To determine concavity of a function, you must find the second derivative #f''(x)#, determine its critical points (places where #f''(x)=0# or is not defined), and then examine the sign of #f''(x)# in all intervals defined by those critical points.
#f(x) = x^4 - x^2#
#f'(x) = 4x^3 - 2x#
#f''(x) = 12x^2- 2#
From examination #f''(x)# is a quadratic function, and therefore there are no places where it is undefined. Thus, our only critical points will come from the zeroes of #f''(x)#:
#12x^2-2 = 0#
#12x^2 = 2#
#x^2 = 1/6 :. x=+-1/sqrt(6)~~+-0.408#
Having two zeroes means we have 3 intervals to examine:
#(-oo,-1/sqrt(6)), (-1/sqrt(6),1/sqrt(6)), (1/sqrt(6),oo)#
Choose a single #x# value inside of each interval and evaluate #f''(x)# at that value. If the result is positive, the function #f(x)# is concave up in that interval; if the result is negative, the function is concave down.
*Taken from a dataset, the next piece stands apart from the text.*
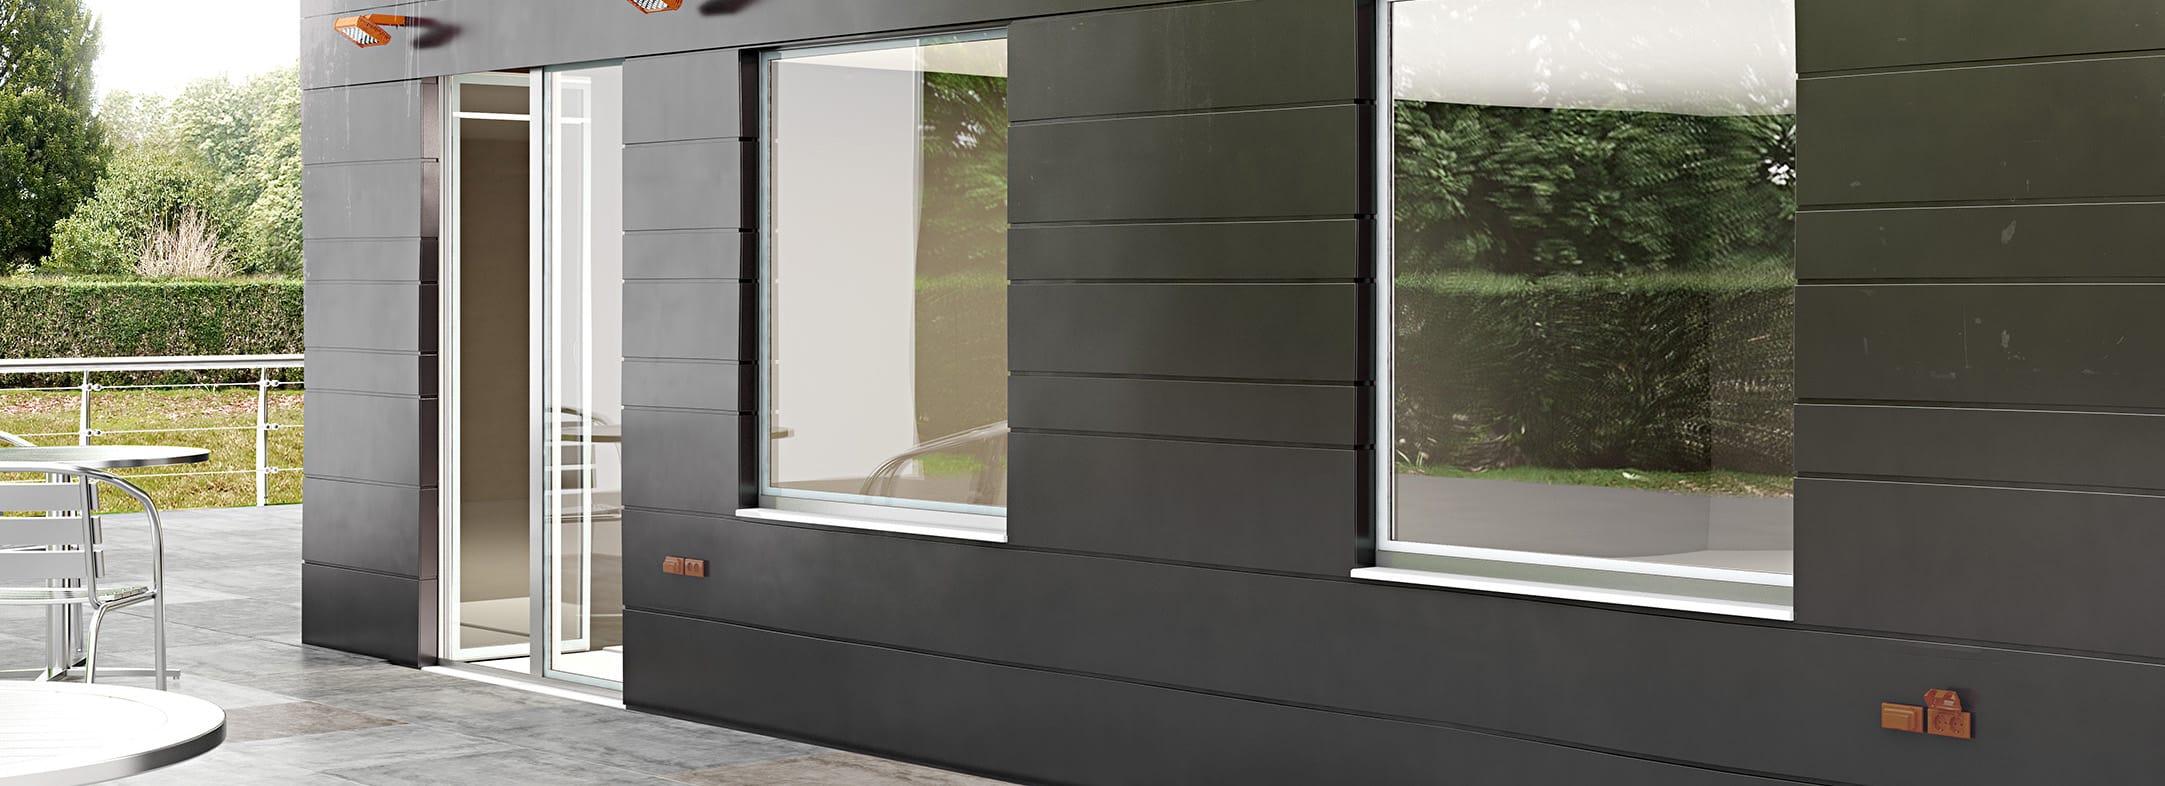 Infissi in pvc legno alluminio porte blindate a vicenza top chiusure infissi e serramenti rosa 39 - Porte e finestre vicenza ...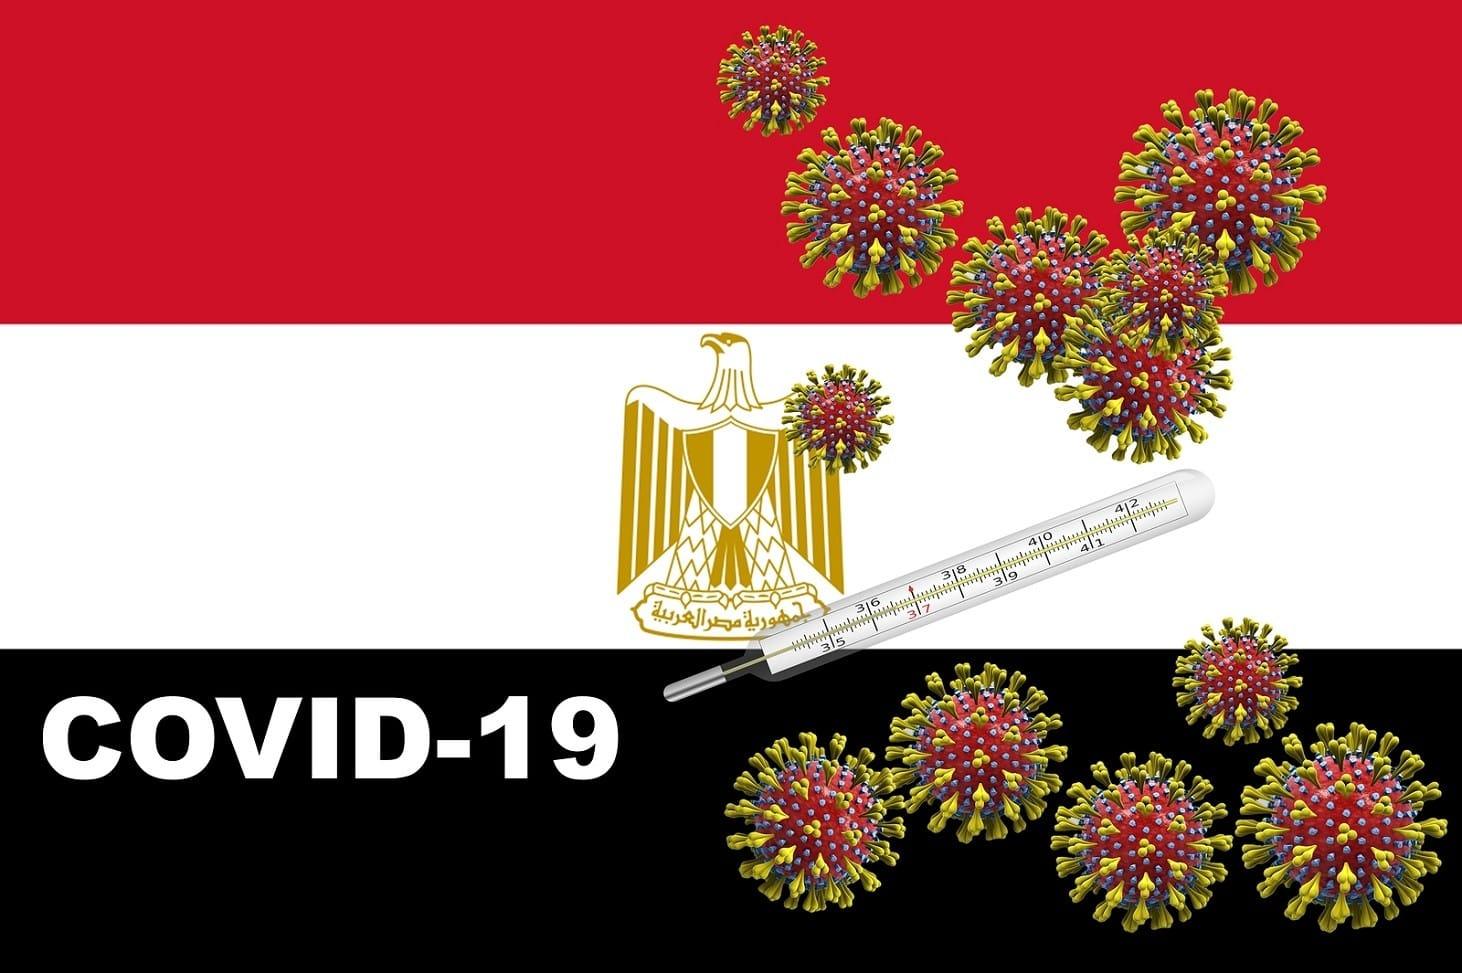 האם מצרים בשליטה על התפרצות הקורונה במדינה? - JISS

For simplicity, choose "easy" values of #x# to evaluate:
#f''(-1) = 12(-1)^2-2 = 12-2 = 10 > 0 :. "concave up"#
#f''(0) = 12(0)^2-2 = 0-2 = -2 < 0 :. "concave down"#
#f''(1) = 12(1)^2-2 = 12-2 = 10 > 0 :. "concave up"#
graph{x^4-x^2 [-1.923, 1.923, -0.963, 0.959]}